In the US, we overprocess everything, from veggie burgers to sewage to the ever-evolving exterior of Heidi Montag, whose back-scooped, chin-tucked body now resembles nothing that can be found in nature. So it’s not surprising that we process the hell out of our music as well.
Auto-Tune, which was originally created to fix pitch and tone problems in singers’ voices, has taken over the music industry, spanning virtually every genre—from rock to hip-hop to country to pop. But it didn’t stop there. Auto-Tune has dipped its synthesized hooks into TV shows and the Interwebs as well. The hit show Glee continues to be criticized for overusing it, to the point where fans felt compelled to circulate a petition. Also, comedians began a parody series called Auto-Tune the News to mock the likes of Glenn Beck and Katie Couric. This one with Eric Massa is particularly hilar.

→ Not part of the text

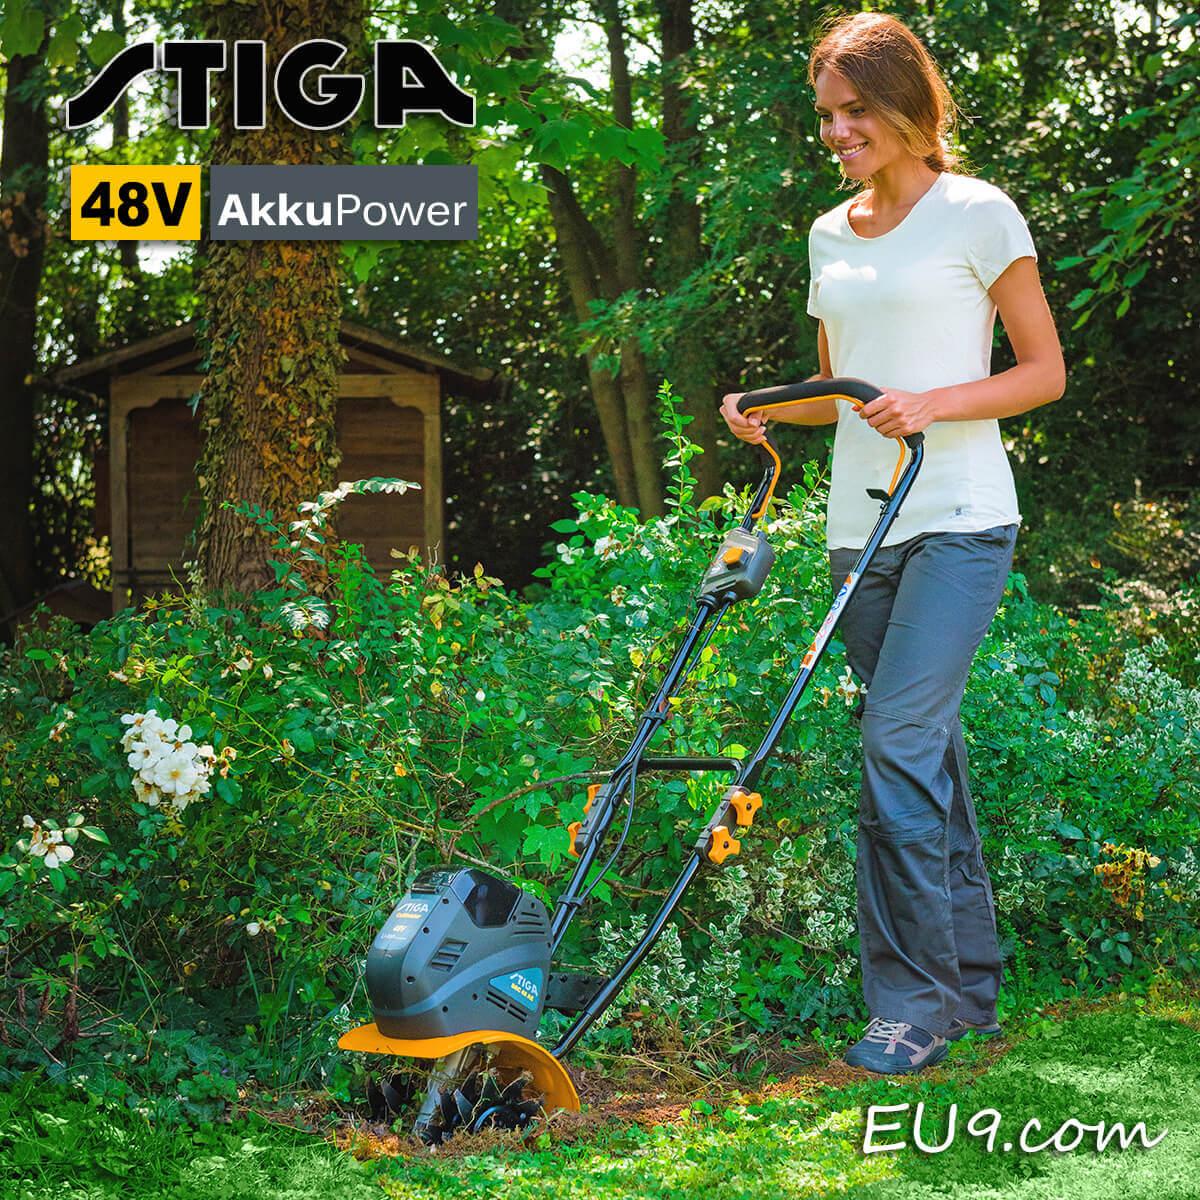 stiga src 48 ae 48v akku-motorhacke - 48 volt | günstig bei eu9 kaufen!

Auto-Tune has become so omnipresent that not even our pets are safe. Behold the uh, magic, that is Kittens in Auto-Tune:
Who’s speaking out against the robotic-voice takeover? Well, Death Cab for Cutie, for one.
At last year’s Grammys, Death Cab bandmates wore tiny blue ribbons on their lapels to alert people to the rampant Auto-Tune abuses of artists like T-Pain, Kanye West, Lady Gaga, the Dixie Chicks, and a multitude of others. From MTV News:
“We’re here to raise awareness about Auto-Tuner abuse,” DCFC frontman Ben Gibbard laughed. “I think over the last 10 years, we’ve seen a lot of good musicians being affected by this newfound digital manipulation of the human voice, and we feel enough is enough.”
Neko Case of Canadian indie-rock group the New Pornographers offered similar sentiments in this Pitchfork interview:
“When I hear auto-tune on somebody’s voice, I don’t take them seriously. Or you hear somebody like Alicia Keys, who I know is pretty good, and you’ll hear a little bit of auto-tune and you’re like, “You’re too f*cking good for that. Why would you let them do that to you? Don’t you know what that means?” It’s not an effect like people try to say, it’s for people like Shania Twain who can’t sing. Yet there they are, all over the radio, jizzing saccharine all over you. It’s a horrible sound and it’s like, “Shania, spend an extra hour in the studio and you’ll hit the note and it’ll sound fine. Just work on it, it’s not like making a burger!”
I highly suggest you read the full interview if you want to hear Case take down Celine Dion and Madonna for using Auto-Tune. Okay, one more quote; I can’t resist: “Can’t you just hit [the note], Celine? Do you have another baby book to shoot?”
But wait, this is pop music. Isn’t it supposed to sound manufactured? And who cares? As it turns out, many people. Major labels’ sales continue to slump. And in 2009, according to Paste Magazine, indie musicians like Death Cab and Neko Case were taking home more awards—and generally kicking more ass—than their mainstream, non-Auto-Tuned contemporaries.
Indie rockers aren’t the only ones raising a fuss: Jay-Z, for one, has spoken out against the popular voice-processing gadget as well. He even wrote a song called D.O.A. (Death of Auto-Tune) as a rebuttal to Kanye West’s heavily Auto-Tuned 808s and Heartbreak. Speaking to NME, he describes his aversion thusly:
“In hip-hop, our job is once a trend becomes a gimmick, to get rid of it. We’ve done that since the beginning of time. Now people are using auto-tune even in [fast food chain] Wendy’s commercials, and it’s like, ‘Oh no! That’s has to go!’ It’s become part of main culture. It’s the same thing like when the old lady in Oregon starts saying, ‘Bling, bling.’ It’s like, ‘I’m never saying that again’.”
Easier said than blung, Jay. Until we, as a culture, are ready to rally against the gimmicks and the fakery, it seems highly unlikely that Auto-Tune will be going away. The upside, of course, is that now our kittens sound like robots! If that’s not progress, then I don’t know what is.